When I’m wasting my time on Facebook or NPR or looking at all the emails I haven’t taken care of yet, I mostly don’t feel bad for my children who are blissfully playing and enjoying life, I feel bad for me because I’m ignoring the endless sea of things I have to do because sometimes it’s almost easier to ignore it than it is to try and conquer it.  Right now, at this very moment, there are so many things I could be doing (and my kids have been in bed for quite some time), but I’m choosing to write this blog instead.  See what I mean?

Awhile ago, I posted this on my FB page:

http://www.huffingtonpost.com/bunmi-laditan/im-done-making-my-kids-childhood-magical_b_5062838.html

I am nearly 100% with the author of that one.  I don’t have a single memory of any adult actively playing with me from my childhood.  We played by ourselves (my sisters and I) or with friends.  I think I turned out alright.

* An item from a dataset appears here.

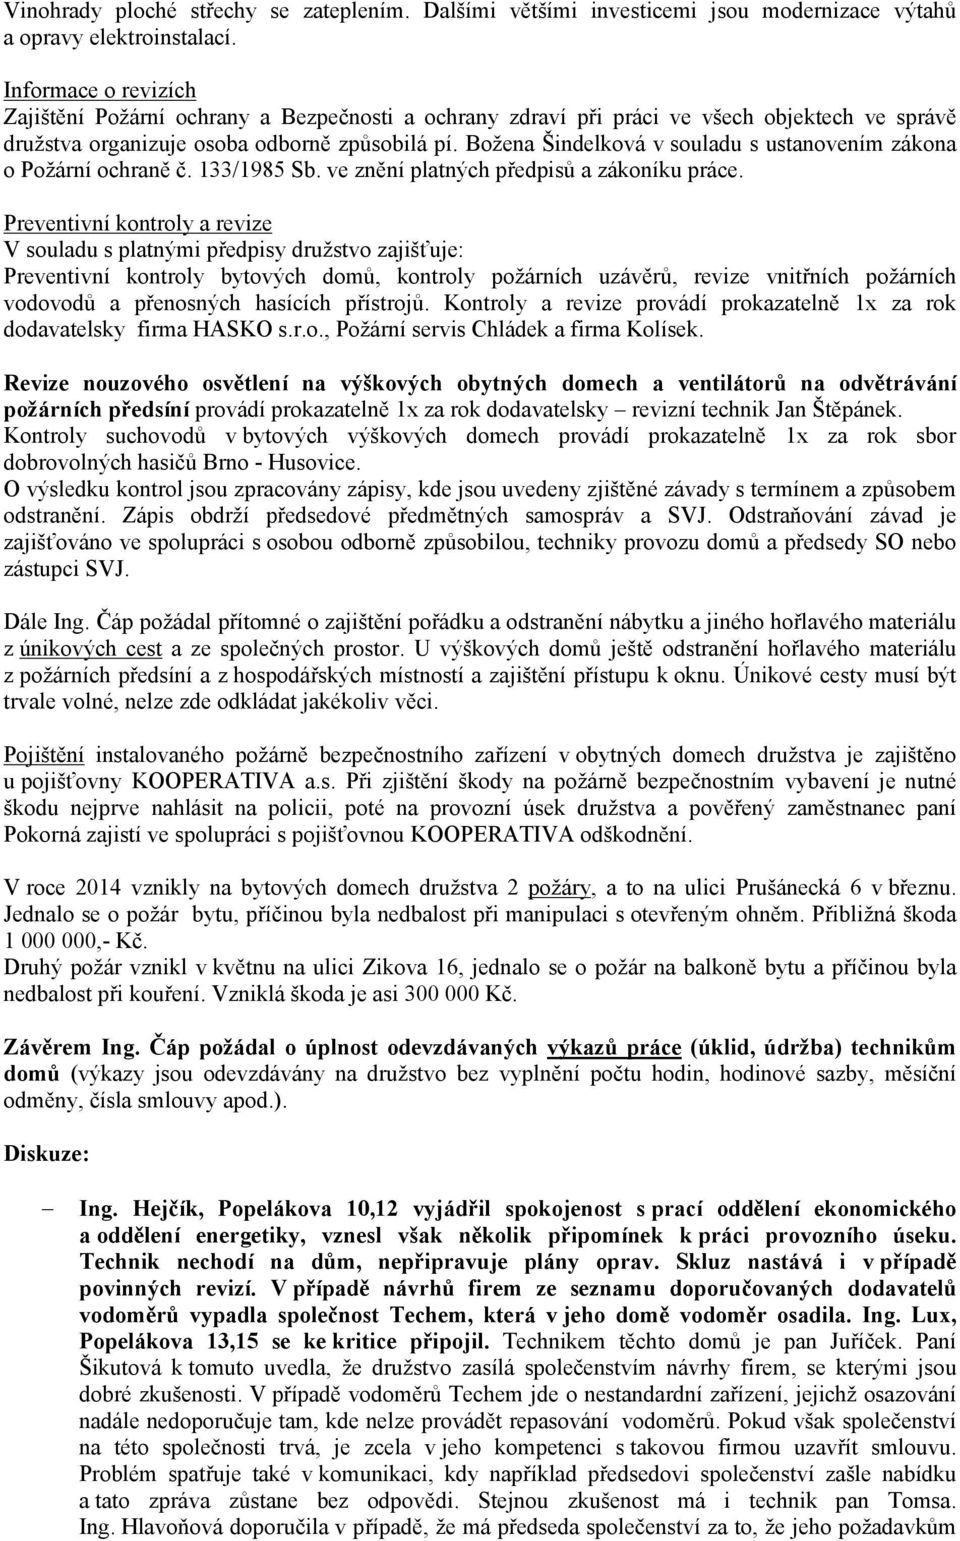 Božena Šindelková v souladu s ustanovením zákona o Požární ochraně č. 133/1985 Sb. ve znění platných předpisů a zákoníku práce.
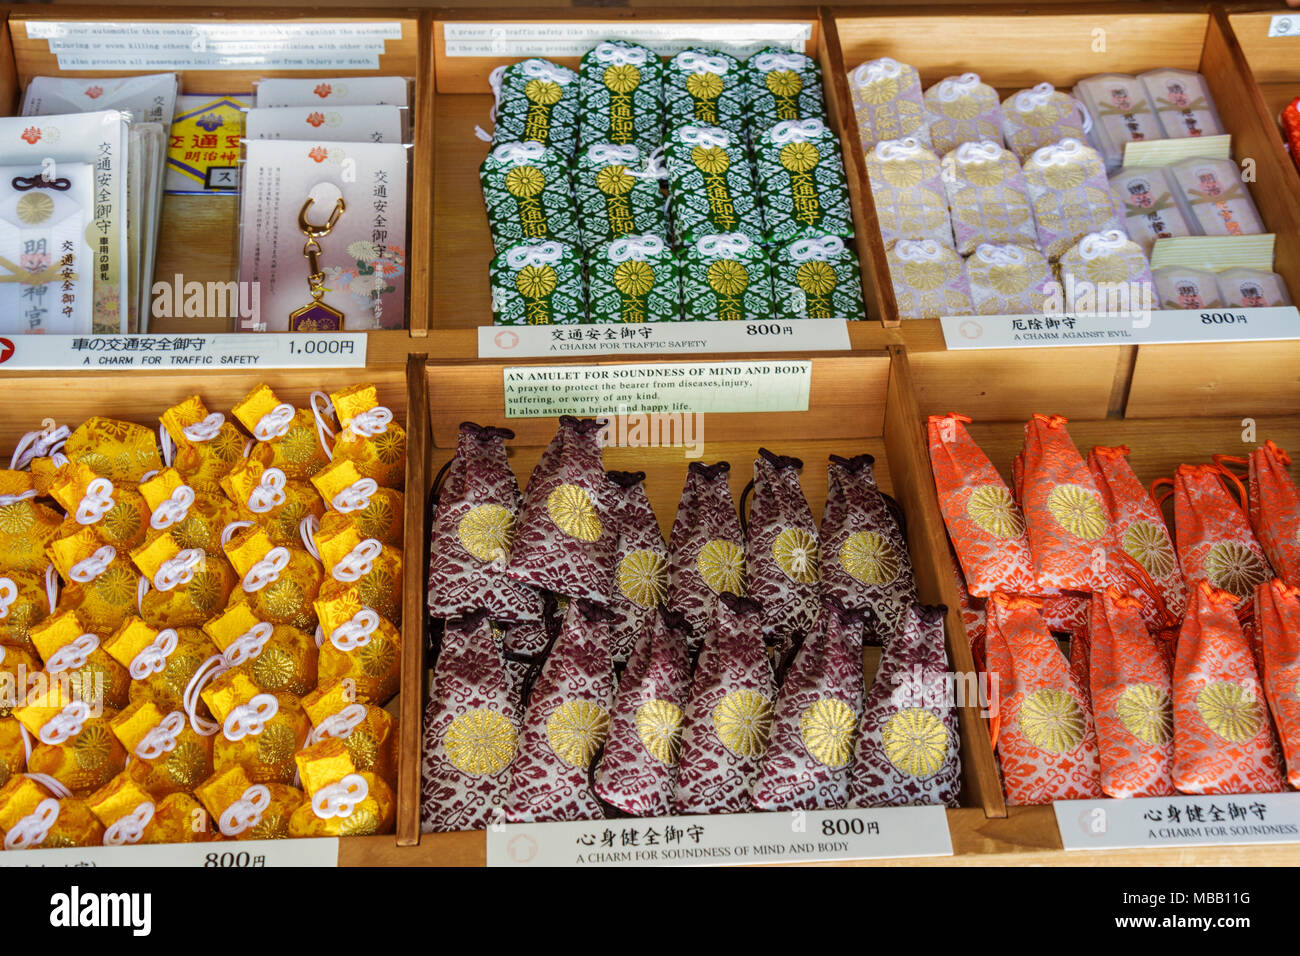 Tokyo Japon,Shibuya ku,Meiji Jingu Shinto Shrine,amulettes religieuses à vendre,emblèmes,kanji,hiragana,personnages,symboles,japonais & anglais,bonne chance,juy Banque D'Images

My point is that not only do you not know what the rest of the day has been like for the “mom on the iphone” at the park, but her day may NOT have been all about her kids (as the second author suggests).  And so what?  She’s still allowed to be on her phone, and you’re still not allowed to judge her.  If she’s anything like me, she’s trying to get shit done while her kids are having a blast at the playground.  Just like I’m trying to get shit done while they’re squealing with glee while at the water table or when they both climb into the crib and play “house” for a half an hour.  So, if I’m wasting my time on social media, I don’t feel bad for my kids who lead a life where they get to play pretty much all day, everyday, I feel bad for me because I’m not getting the shit done that needs to get done.